Table 1 Insight into related recent research.

Full size table

Material and methods

Dataset characteristics

In the investigation, we used a publicly available chest X-ray (CXR) dataset from Kaggle^57,58. The same dataset has also been utilized in numerous other investigations. The dataset consists of three sections: train, test, and validation. Each section contains subfolders for Pneumonia and Normal CXRs. There are 5863 X-ray images in total as shown in Table 2. The X-ray images used in the dataset were acquired at the Women and Children's Medical Center in Guangzhou from children aged one to five.These images were taken as part of the children's routine medical examinations.To assure the quality of the X-ray images used in the analysis, they were screened by specialists for low-resolution or unreadable images. The remaining images were then evaluated by two physician specialists, with any discrepancies resolved by a third specialist. This procedure was performed to teach an AI system to make precise diagnoses.80% of the dataset has been allocated to the training set, 10% to the test set, and 10% to the validation set, as shown in Table 3.

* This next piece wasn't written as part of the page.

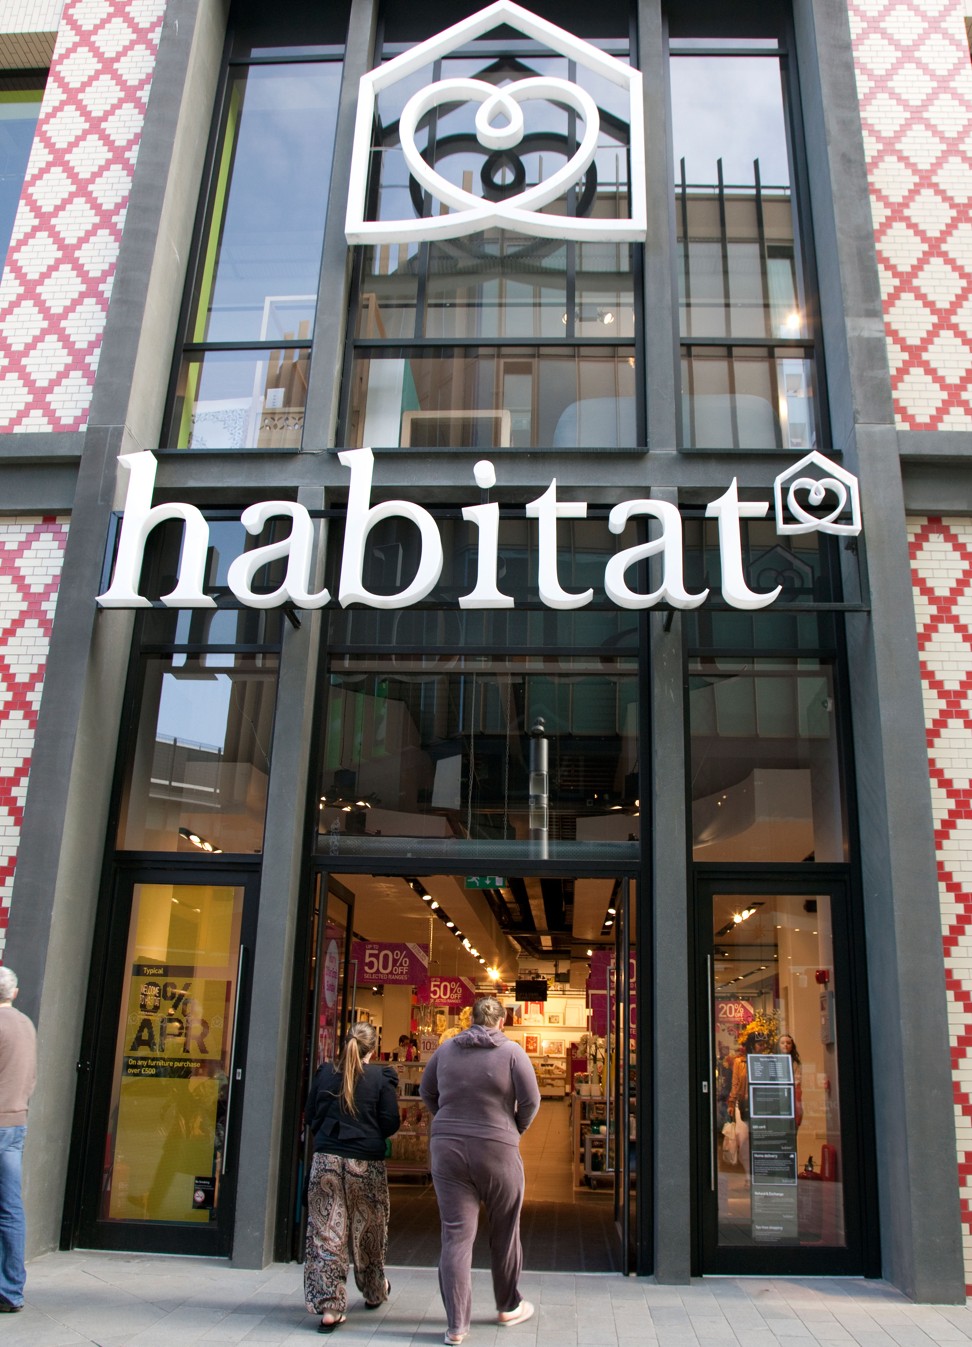 A Habitat store in Liverpool, Britain. Photo: Alamy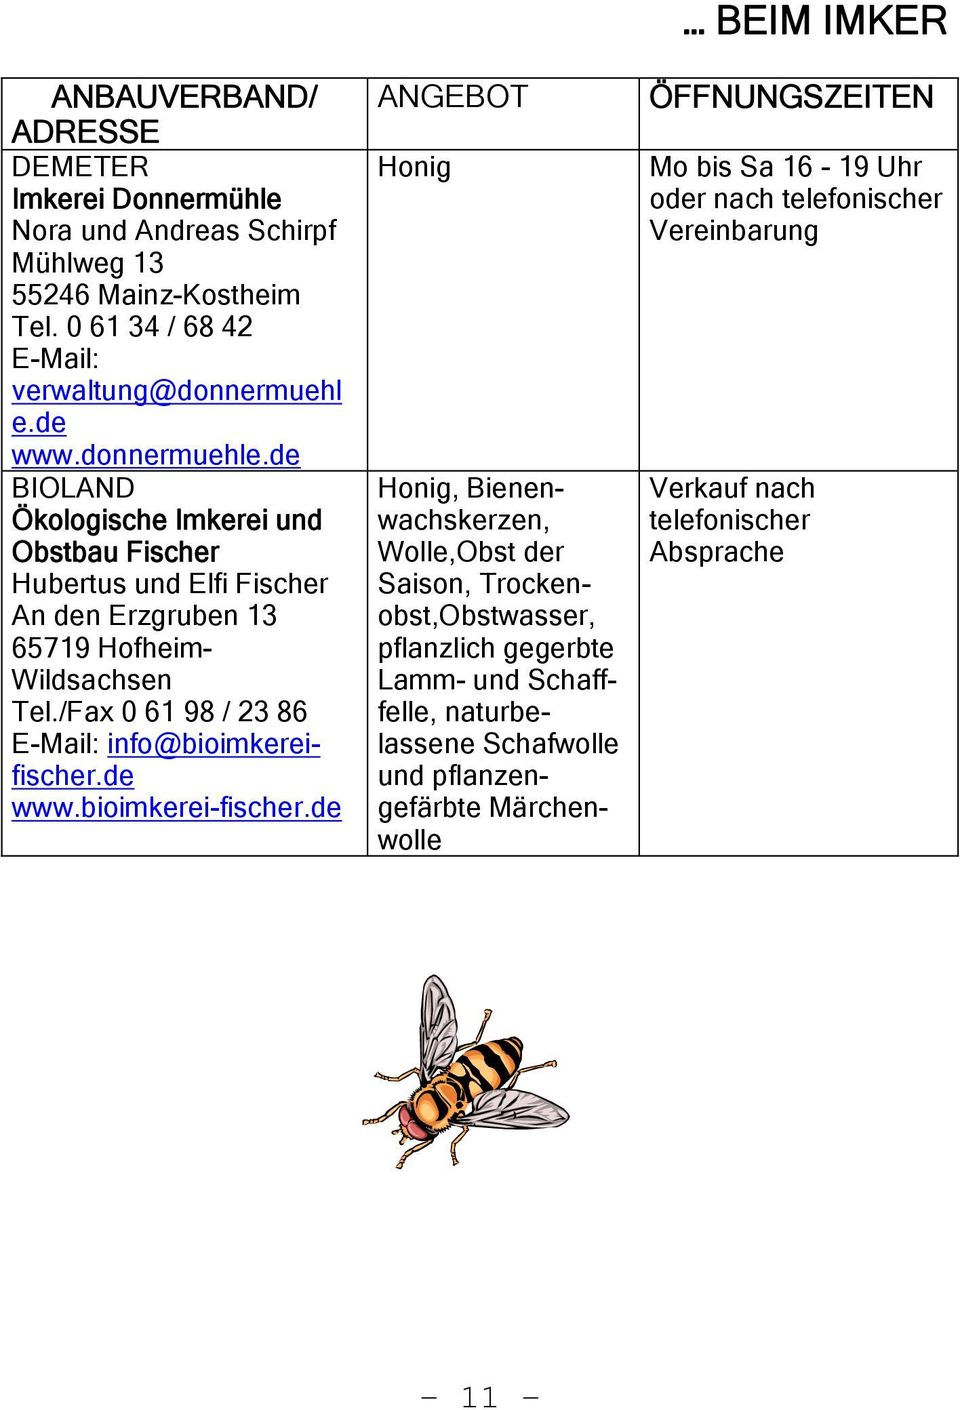 /Fax 0 61 98 / 23 86 E-Mail: info@bioimkereifischer.de www.bioimkerei-fischer.

Table 2 Class distribution of the dataset.

Full size table

Table 3 Partitioning of training, testing, and validation datasets.

Full size table

Proposed architecture

The proposed Architecture uses patch embeddings, positional encodings, several Transformer encoder layers, self-attention, feed-forward neural networks, and a classification head to classify and analyze imageswhich are shown in Fig. 2.

Input embedding

It requires reshaping the input image into patches as shown in Fig. 3 and applying a linear transformation in order to obtain the embeddings. Let's denote the input image as $X\in R^{(H\times {\text{W}}\times {\text{C}})}$ re H, W, and C, respectively, represent the height, breadth, and number of channels. Each patch has a dimension of P × P, and there are N patches in total. The input embedding can be represented the as $E\in R^{(N\times {\text{D}})}$ where D is the number of dimensions of the embeddings.

Positional encoding

The input embeddings include positional information to capture the relative and absolute positions of the patches. The positional encoding matrix $P\in R^{(N\times {\text{D}})}$ added to the input embeddings E element by element.

Transformer encoder

Each layer of the Transformer Encoder is constituted of a multi-head self-attention mechanism and a position-wise feed-forward network as shown in Fig. 4.

(a)
Multi-head self-attention: The attention weights between the input embeddings are computed by the multi-head self-attention mechanism. It entails three linear transformations: Query (Q), Key (K), and Value (V), with Q, K, and $V\in R^{(N\times {\text{D}})}$ Using the attention weights, the output of the self-attention mechanism is the weighted sum of the values. The attention weights are calculated by Eq. (1).
$$Attention\left(Q,K,V\right)=softMax\left(\left(Q{K}^{T}\right)/\surd \left(Dh\right)\right)V$$
(1)
where Dh represents the dimension of each attention head.
(b)
Position-wise feed-forward network: The position-wise feed-forward network employs two linear transformations separated by a nonlinear activation function (such as ReLU). Let's designate the attention mechanism's output as $A\in R^{(N\times {\text{D}})}$ The representation of the position-wise feed-forward network is as according to Eq. (2).
$$FFN\left(A\right)={\text{max}}\left(0,A\times W1+b1\right)\times {\text{W}}2+{\text{b}}2$$
(2)
where $W1\in R^{(D\times {\text{dFFN}})},b1\in R^{(1\times {\text{dFFN}})},W2\in R^{(dFFN\times {\text{D}})},b2\in R^{(1\times {\text{D}})}$.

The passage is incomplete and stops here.